__WORK TO COMPLETE__:
The lines to copy run from the one containing "Actress Megan Fox" to the end of the records below; repeat them exactly and include nothing else.

__THE RECORDS__:
════

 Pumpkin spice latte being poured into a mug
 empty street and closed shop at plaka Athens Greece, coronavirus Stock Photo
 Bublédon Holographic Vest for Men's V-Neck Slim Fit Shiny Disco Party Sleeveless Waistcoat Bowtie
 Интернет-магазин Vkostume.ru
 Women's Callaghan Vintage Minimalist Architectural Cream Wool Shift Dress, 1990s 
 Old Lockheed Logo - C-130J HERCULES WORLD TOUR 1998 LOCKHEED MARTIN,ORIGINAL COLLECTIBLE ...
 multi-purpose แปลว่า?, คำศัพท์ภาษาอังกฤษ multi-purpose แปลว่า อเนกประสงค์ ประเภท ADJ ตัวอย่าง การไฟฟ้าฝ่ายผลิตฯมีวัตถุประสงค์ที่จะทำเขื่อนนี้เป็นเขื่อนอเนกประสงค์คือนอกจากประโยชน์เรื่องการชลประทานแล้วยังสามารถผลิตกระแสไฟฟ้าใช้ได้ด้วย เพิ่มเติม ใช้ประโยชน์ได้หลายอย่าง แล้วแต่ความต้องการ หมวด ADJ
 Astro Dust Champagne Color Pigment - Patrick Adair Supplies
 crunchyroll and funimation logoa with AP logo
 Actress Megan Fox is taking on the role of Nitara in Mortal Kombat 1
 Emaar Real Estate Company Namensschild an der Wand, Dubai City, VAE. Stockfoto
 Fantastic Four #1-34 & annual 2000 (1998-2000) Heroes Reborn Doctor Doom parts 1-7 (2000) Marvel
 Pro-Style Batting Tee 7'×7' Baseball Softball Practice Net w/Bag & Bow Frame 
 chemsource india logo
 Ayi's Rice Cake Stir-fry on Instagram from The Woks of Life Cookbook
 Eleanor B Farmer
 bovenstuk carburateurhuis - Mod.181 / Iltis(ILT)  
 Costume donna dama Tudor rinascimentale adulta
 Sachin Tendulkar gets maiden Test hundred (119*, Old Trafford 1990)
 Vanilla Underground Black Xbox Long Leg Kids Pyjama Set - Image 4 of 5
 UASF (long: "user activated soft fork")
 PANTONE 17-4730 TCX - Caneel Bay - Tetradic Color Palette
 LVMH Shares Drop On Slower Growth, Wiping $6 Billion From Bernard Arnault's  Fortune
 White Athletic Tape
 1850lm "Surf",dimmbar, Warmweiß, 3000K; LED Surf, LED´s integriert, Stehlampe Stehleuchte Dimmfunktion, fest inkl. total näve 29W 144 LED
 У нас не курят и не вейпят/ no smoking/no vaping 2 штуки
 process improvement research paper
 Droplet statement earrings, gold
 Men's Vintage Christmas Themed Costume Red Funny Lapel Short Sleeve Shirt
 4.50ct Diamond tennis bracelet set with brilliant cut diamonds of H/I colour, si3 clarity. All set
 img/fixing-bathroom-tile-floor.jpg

════

__THE COMPLETED TASK__:
 Actress Megan Fox is taking on the role of Nitara in Mortal Kombat 1
 Emaar Real Estate Company Namensschild an der Wand, Dubai City, VAE. Stockfoto
 Fantastic Four #1-34 & annual 2000 (1998-2000) Heroes Reborn Doctor Doom parts 1-7 (2000) Marvel
 Pro-Style Batting Tee 7'×7' Baseball Softball Practice Net w/Bag & Bow Frame 
 chemsource india logo
 Ayi's Rice Cake Stir-fry on Instagram from The Woks of Life Cookbook
 Eleanor B Farmer
 bovenstuk carburateurhuis - Mod.181 / Iltis(ILT)  
 Costume donna dama Tudor rinascimentale adulta
 Sachin Tendulkar gets maiden Test hundred (119*, Old Trafford 1990)
 Vanilla Underground Black Xbox Long Leg Kids Pyjama Set - Image 4 of 5
 UASF (long: "user activated soft fork")
 PANTONE 17-4730 TCX - Caneel Bay - Tetradic Color Palette
 LVMH Shares Drop On Slower Growth, Wiping $6 Billion From Bernard Arnault's  Fortune
 White Athletic Tape
 1850lm "Surf",dimmbar, Warmweiß, 3000K; LED Surf, LED´s integriert, Stehlampe Stehleuchte Dimmfunktion, fest inkl. total näve 29W 144 LED
 У нас не курят и не вейпят/ no smoking/no vaping 2 штуки
 process improvement research paper
 Droplet statement earrings, gold
 Men's Vintage Christmas Themed Costume Red Funny Lapel Short Sleeve Shirt
 4.50ct Diamond tennis bracelet set with brilliant cut diamonds of H/I colour, si3 clarity. All set
 img/fixing-bathroom-tile-floor.jpg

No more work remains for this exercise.